Senators commit to passage of Bangsamoro Basic Law

 Cabico ( 

MANILA, Philippines — Some senators have voiced support for passage of the Bangsamoro Basic Law at a public hearing on the proposed law Wednesday.

Sen. Juan Miguel Zubiri, Senate sub-committee on BBL chair, promised that the measure will be ready for plenary debate by March 2018.

“Marathon hearings” will be conducted starting January, he added.

The BBL implements the final peace agreement between the government and the Moro Islamic Liberation Front. The measure seeks to create a new region in place of the Autonomous Region in Muslim Mindanao, which will have more autonomy but will also remain a part of the Republic of the Philippines.

“As a Mindanaoan, I promise you, ladies and gentlemen, that I will give my utmost priority [for] the passage of this measure,” Zubiri, who is from Bukidnon, said.

Senate President Aquilino Pimentel III said that the passage of the Bangsamoro law is no longer a matter of debate. He pointed out, however, that lawmakers must ensure that the proposed law — the draft of which was prepared by a Malacañang-created commission and presumably reviewed before being endorsed to Congress by the Palace — must adhere to the Constitution.

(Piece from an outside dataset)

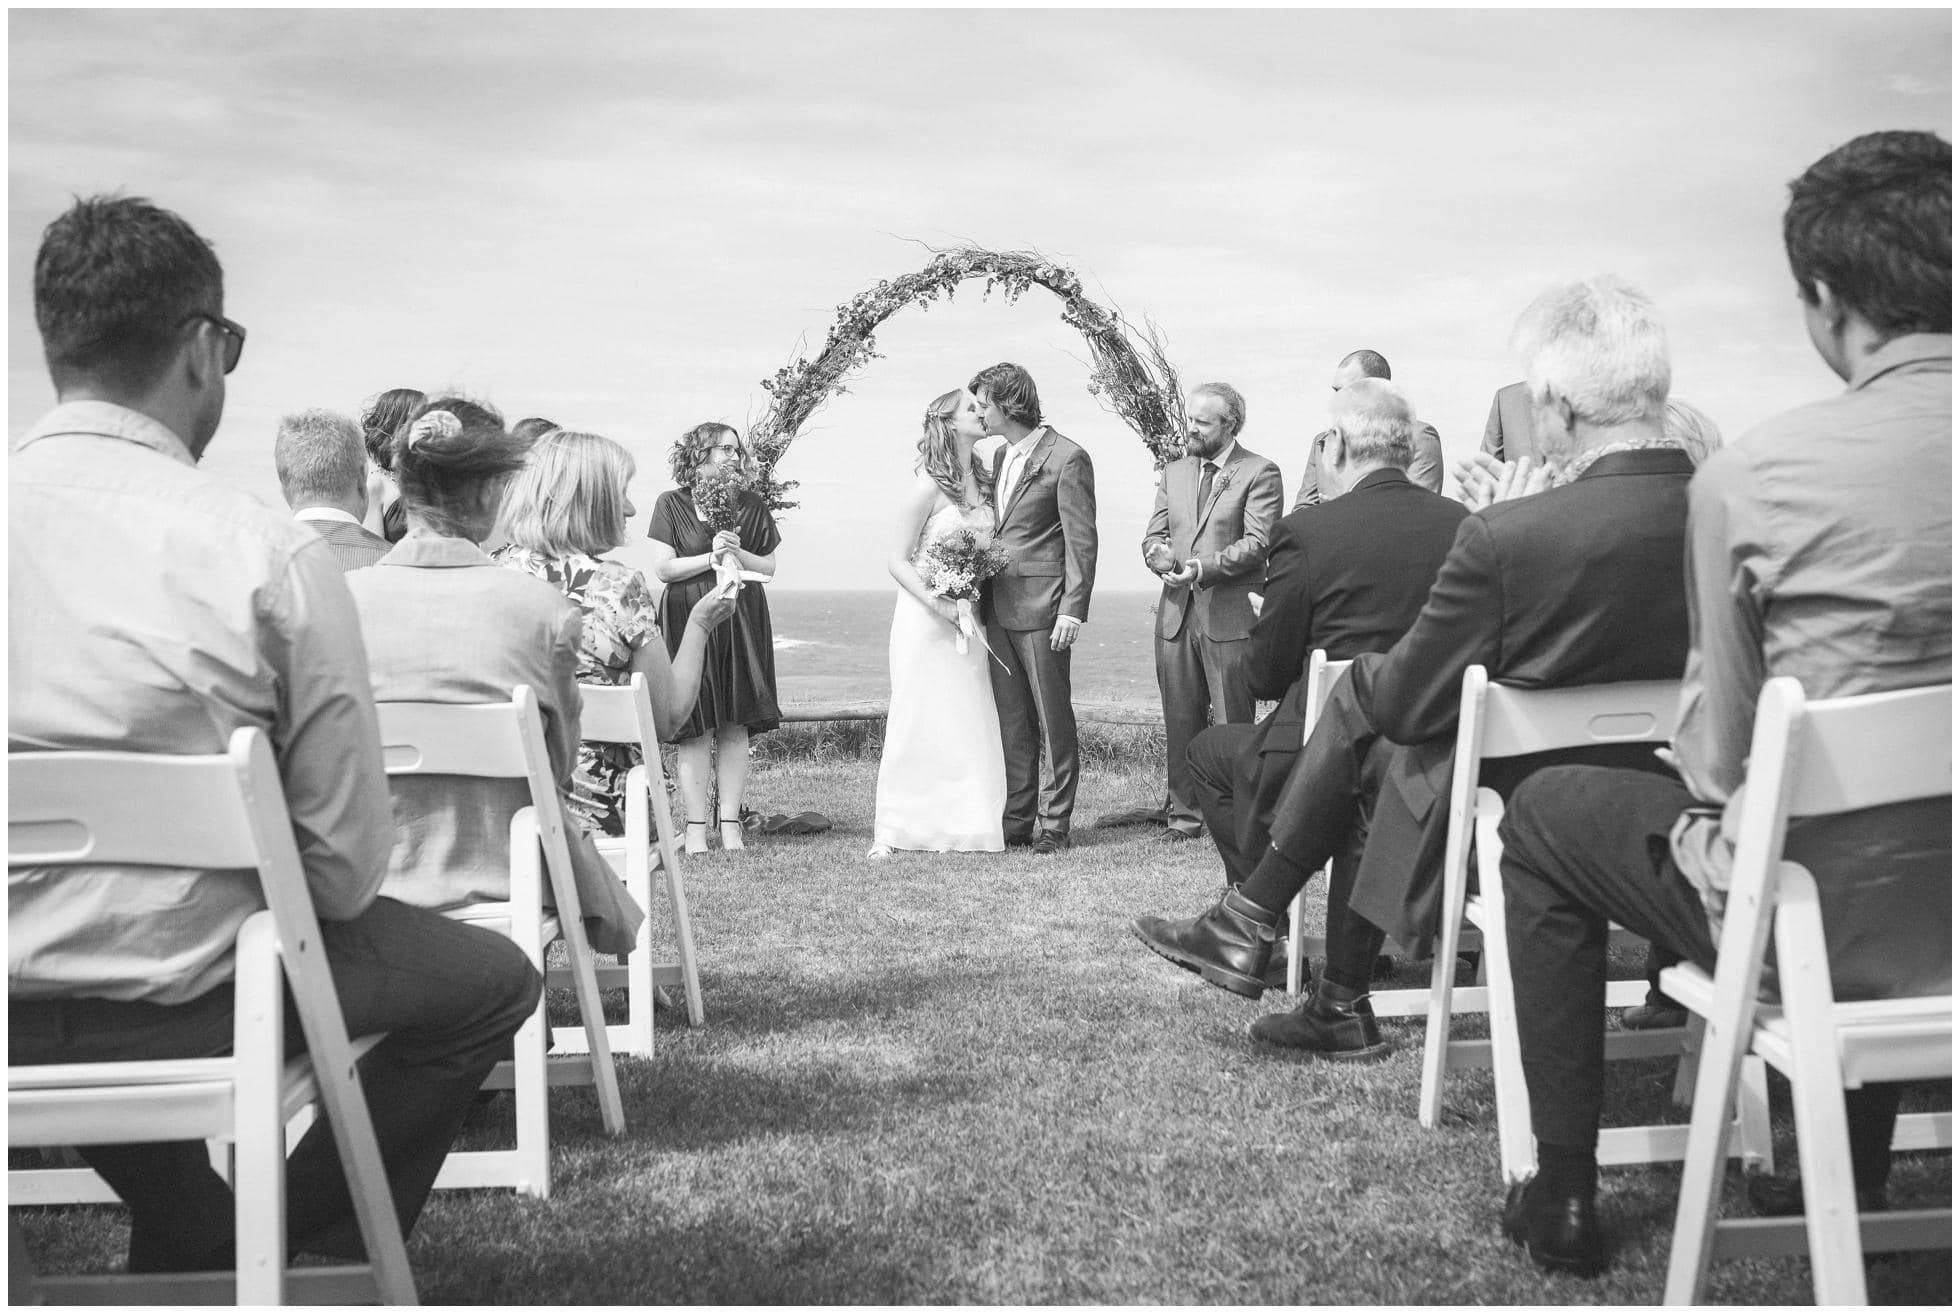 The bride and groom kiss at a wedding at the Robert Dun reserve

President Rodrigo Duterte, the country’s first president from Mindanao, had earlier promised to shepherd the bill through Congress, which has shown a willingness to vote according to his policy statements.

“I do not think that it will hurdle constitutional barriers…I’ve been reading it repeatedly,” he said on Tuesday, however.

This was a step back from Duterte’s first State of the Nation Address in 2016, when he urged Congress to pass the law and correct a historical injustice to the Moro people.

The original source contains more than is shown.